Down to the final line, write out the material beneath exactly, without pictures.

• [Data extract]:
----
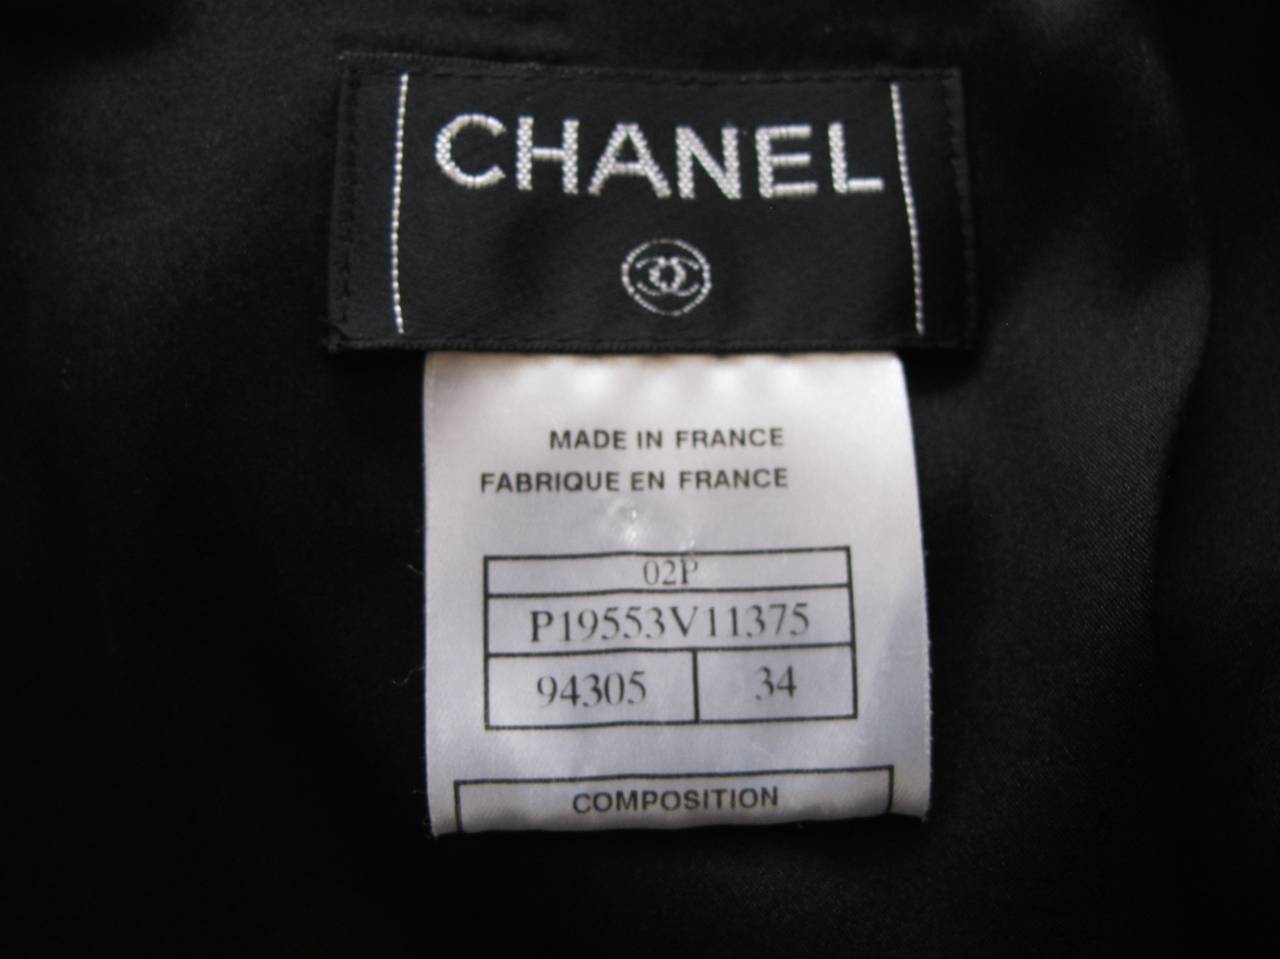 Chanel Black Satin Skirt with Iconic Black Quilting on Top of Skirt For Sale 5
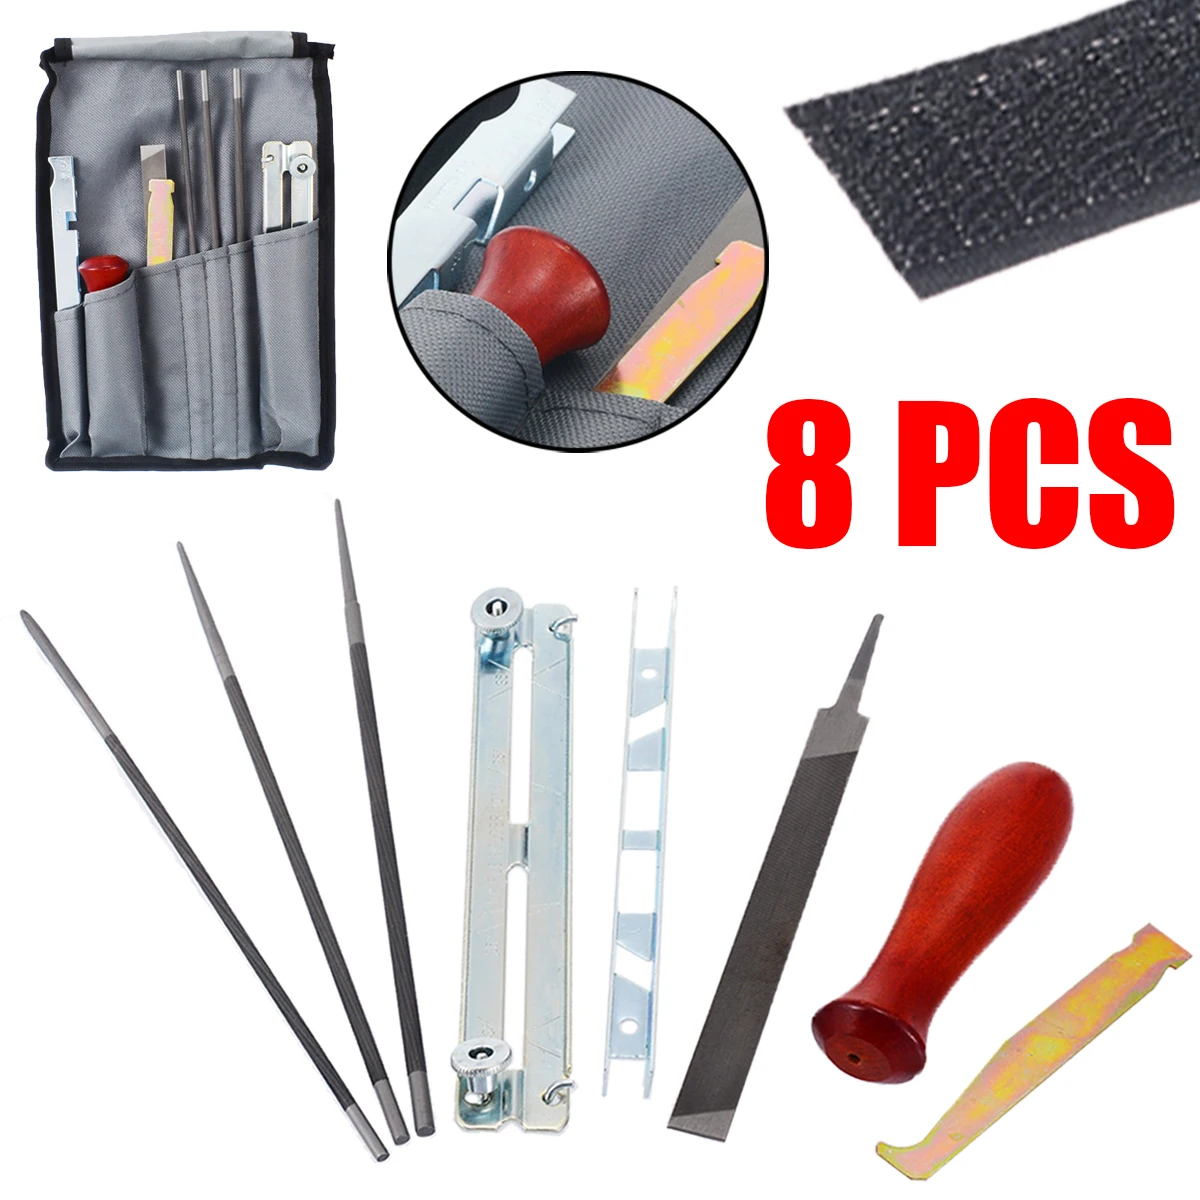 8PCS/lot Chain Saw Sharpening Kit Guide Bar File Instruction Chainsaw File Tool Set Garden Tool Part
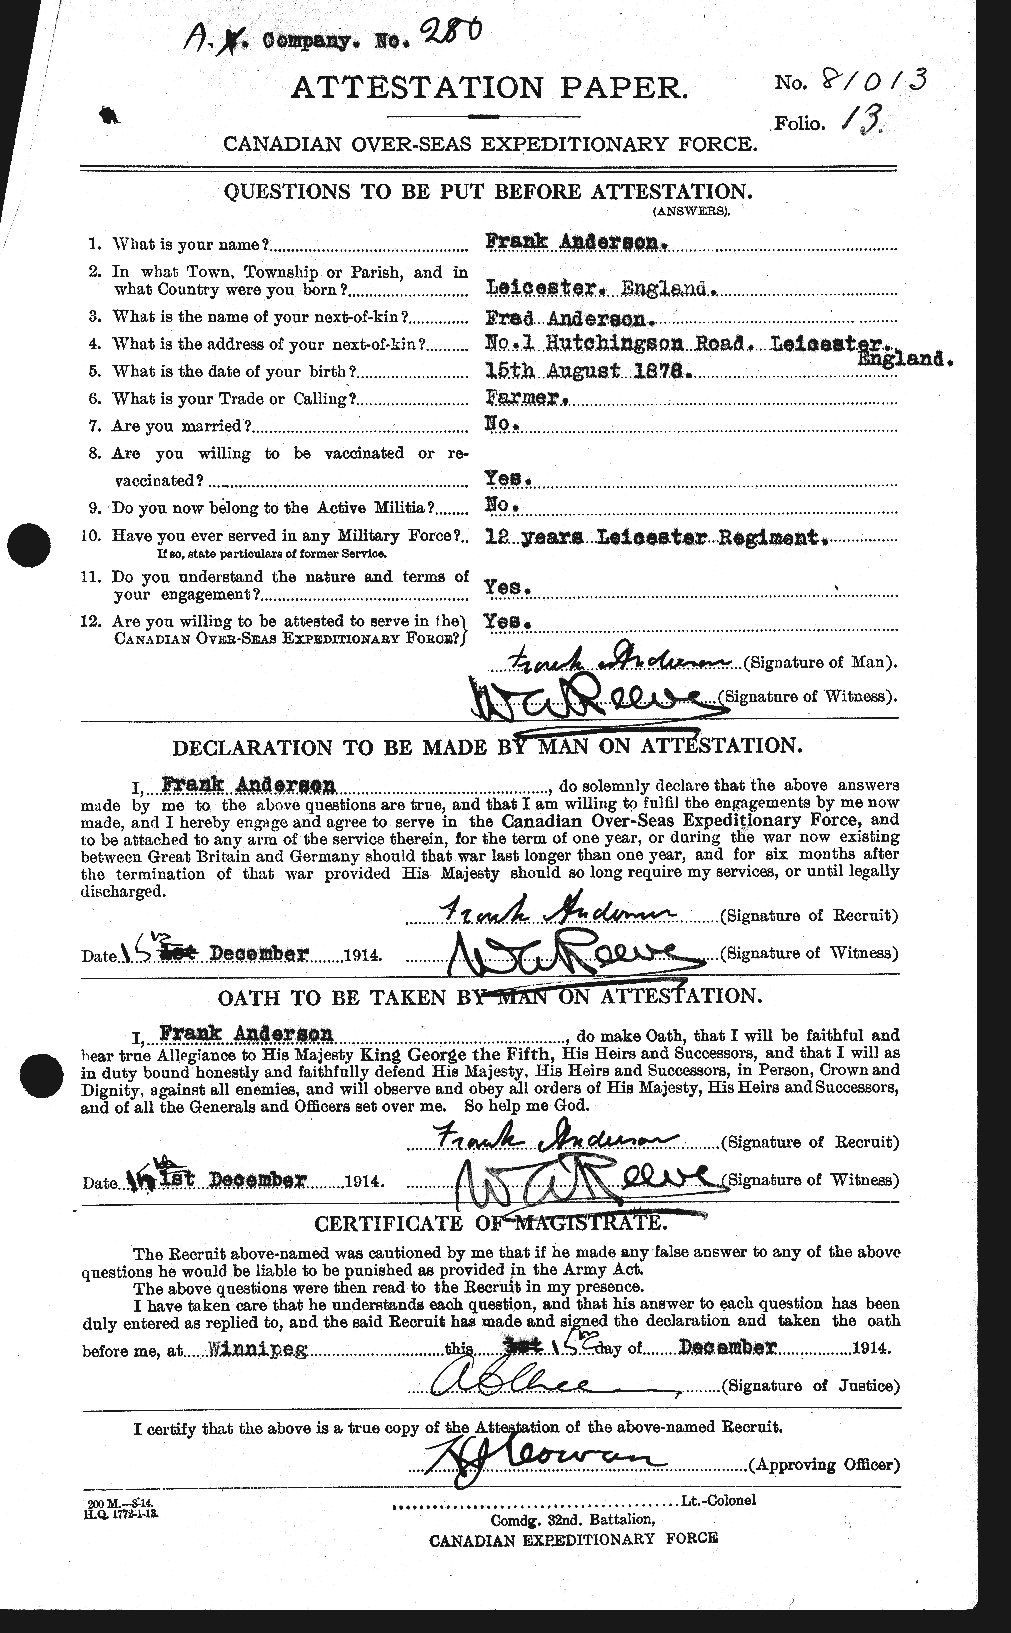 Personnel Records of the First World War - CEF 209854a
----
• [Your solution]:
 Chanel Black Satin Skirt with Iconic Black Quilting on Top of Skirt For Sale 5
 8PCS/lot Chain Saw Sharpening Kit Guide Bar File Instruction Chainsaw File Tool Set Garden Tool Part
 Personnel Records of the First World War - CEF 209854a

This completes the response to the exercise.